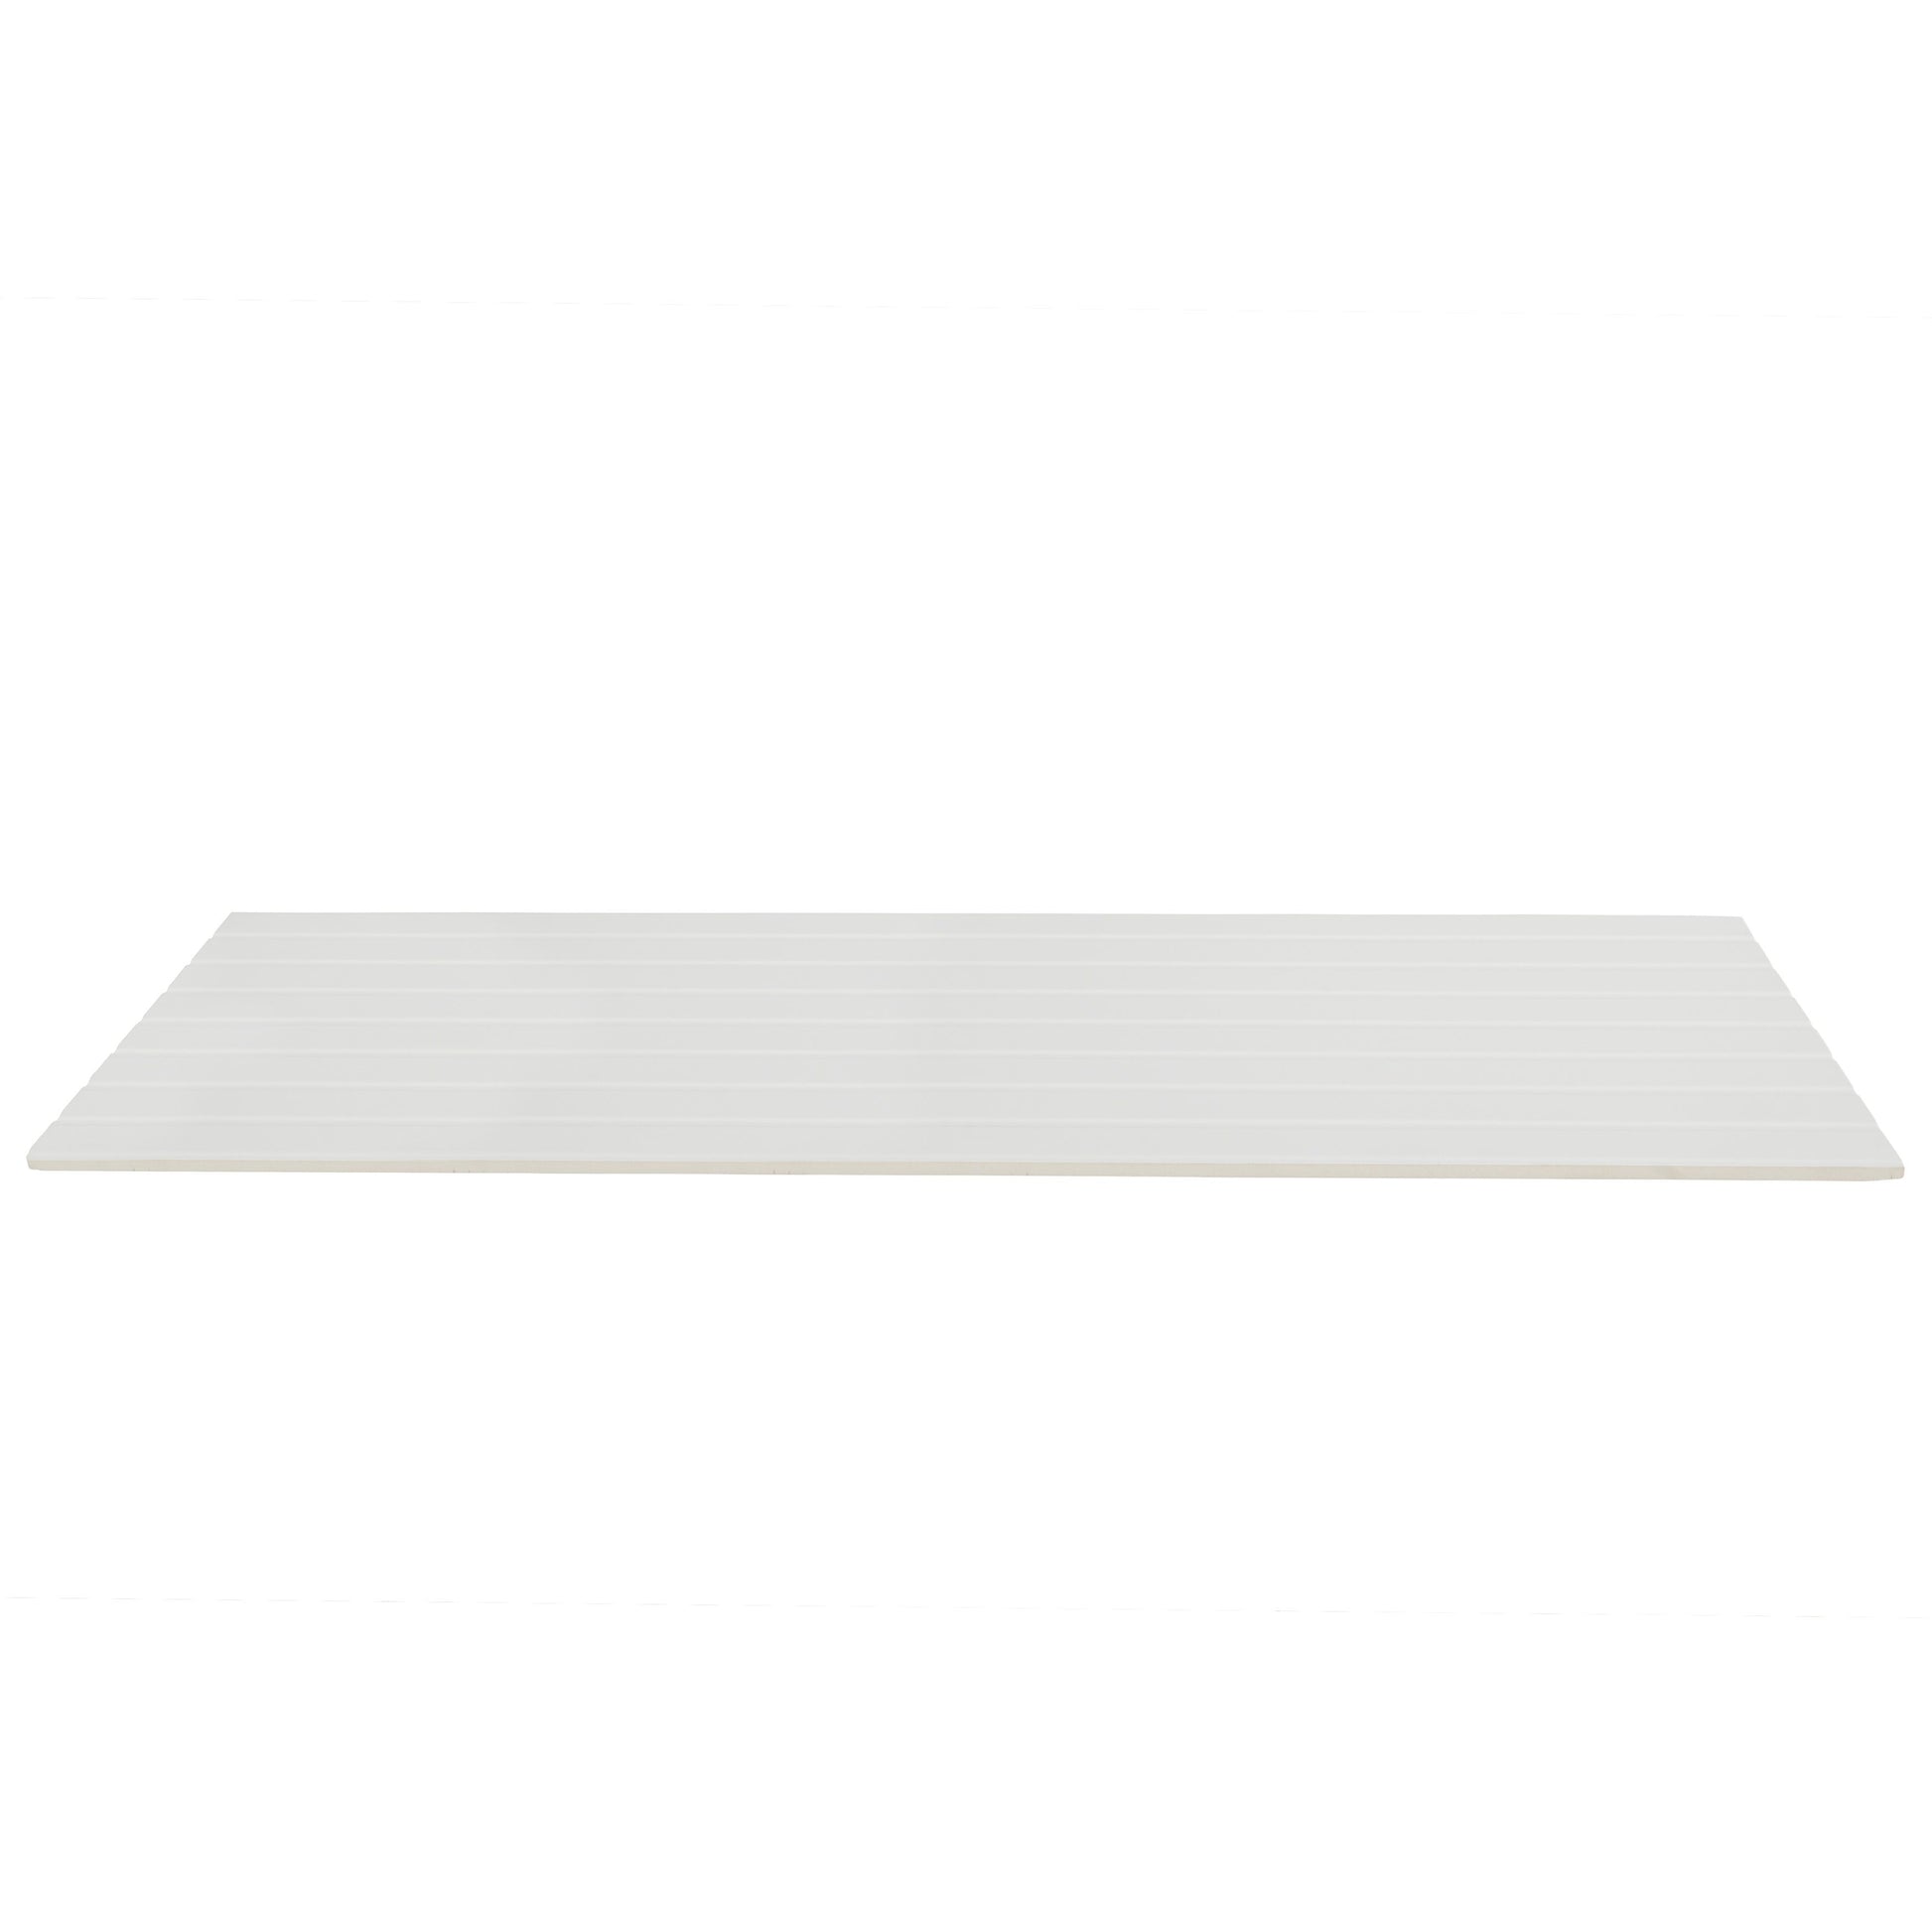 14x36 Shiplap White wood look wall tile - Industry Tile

----

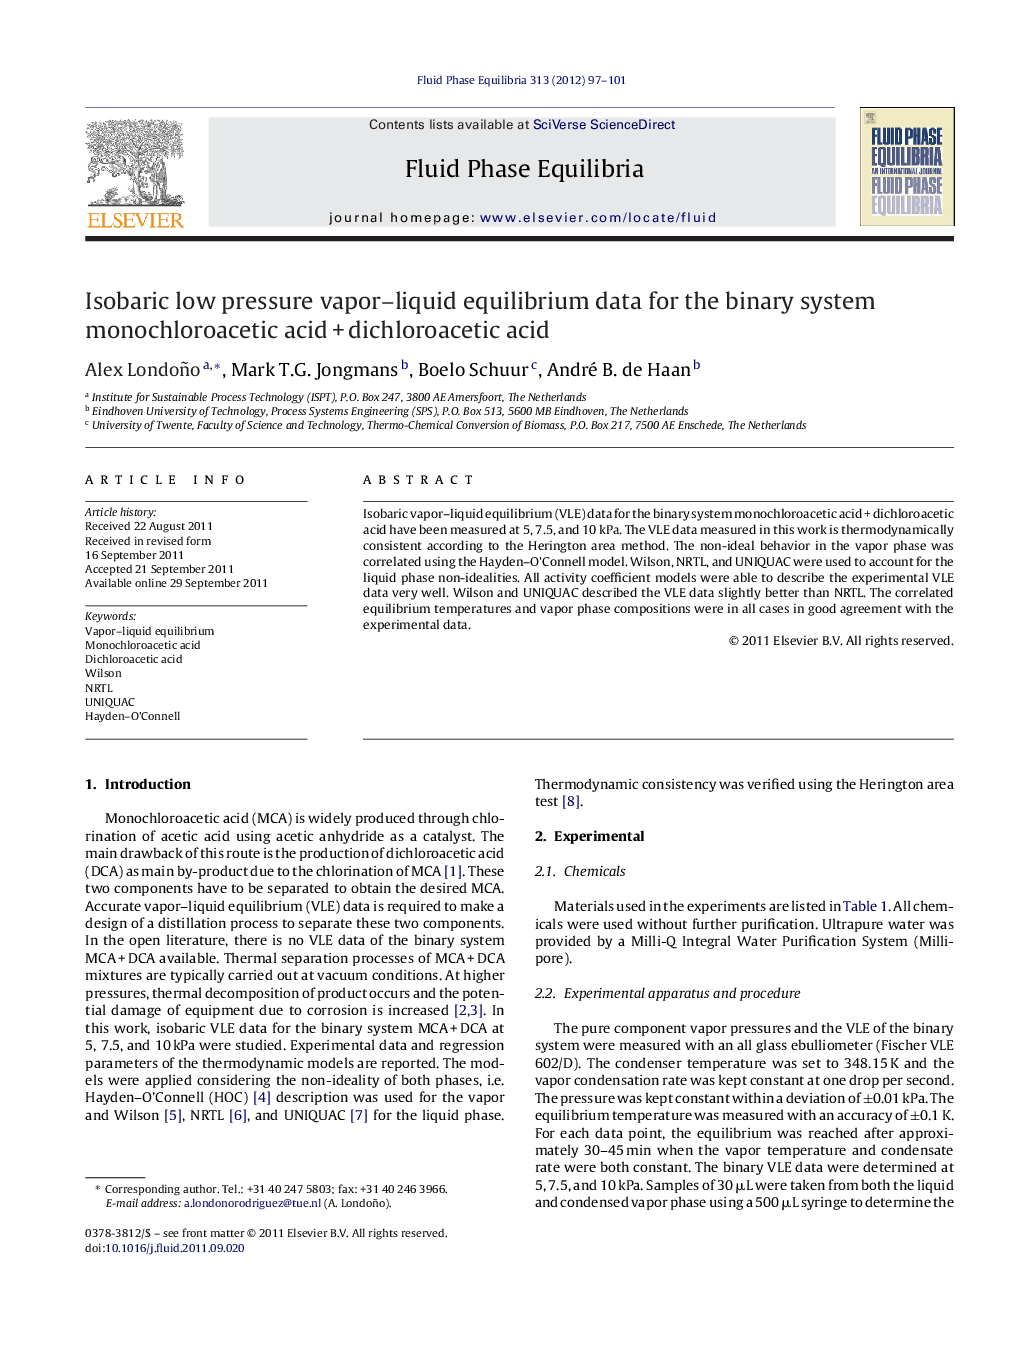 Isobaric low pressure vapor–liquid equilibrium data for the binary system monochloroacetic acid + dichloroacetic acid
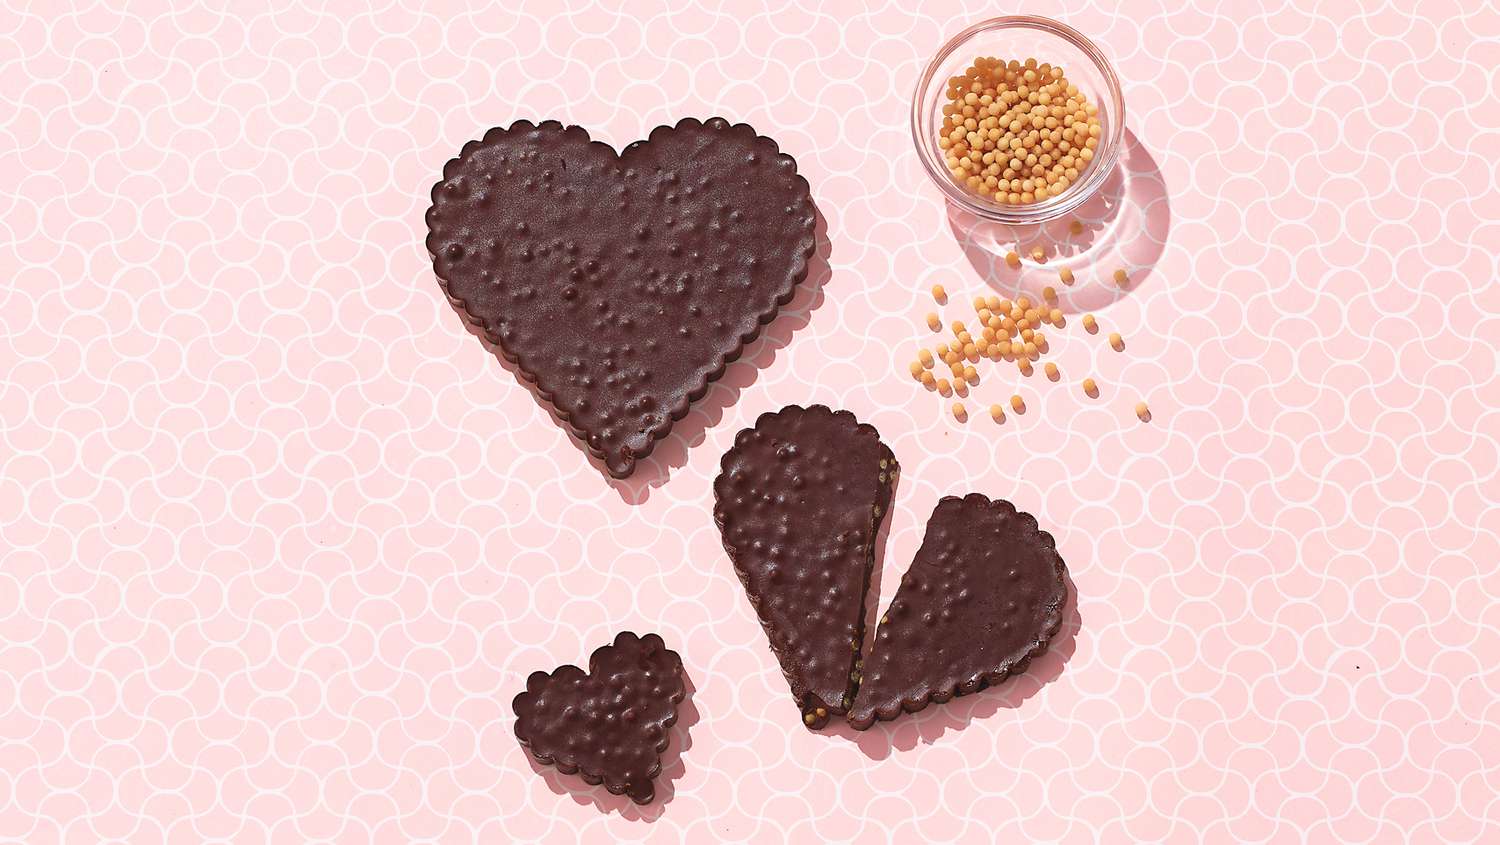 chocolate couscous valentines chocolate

----

*Try it*:
With the pictures omitted, print the lines above exactly, beginning at the line with "Isobaric low pressure" and going on through the line with "chocolate couscous valentines chocolate".

*Task result*:
 Isobaric low pressure vapor–liquid equilibrium data for the binary system monochloroacetic acid + dichloroacetic acid
 chocolate couscous valentines chocolate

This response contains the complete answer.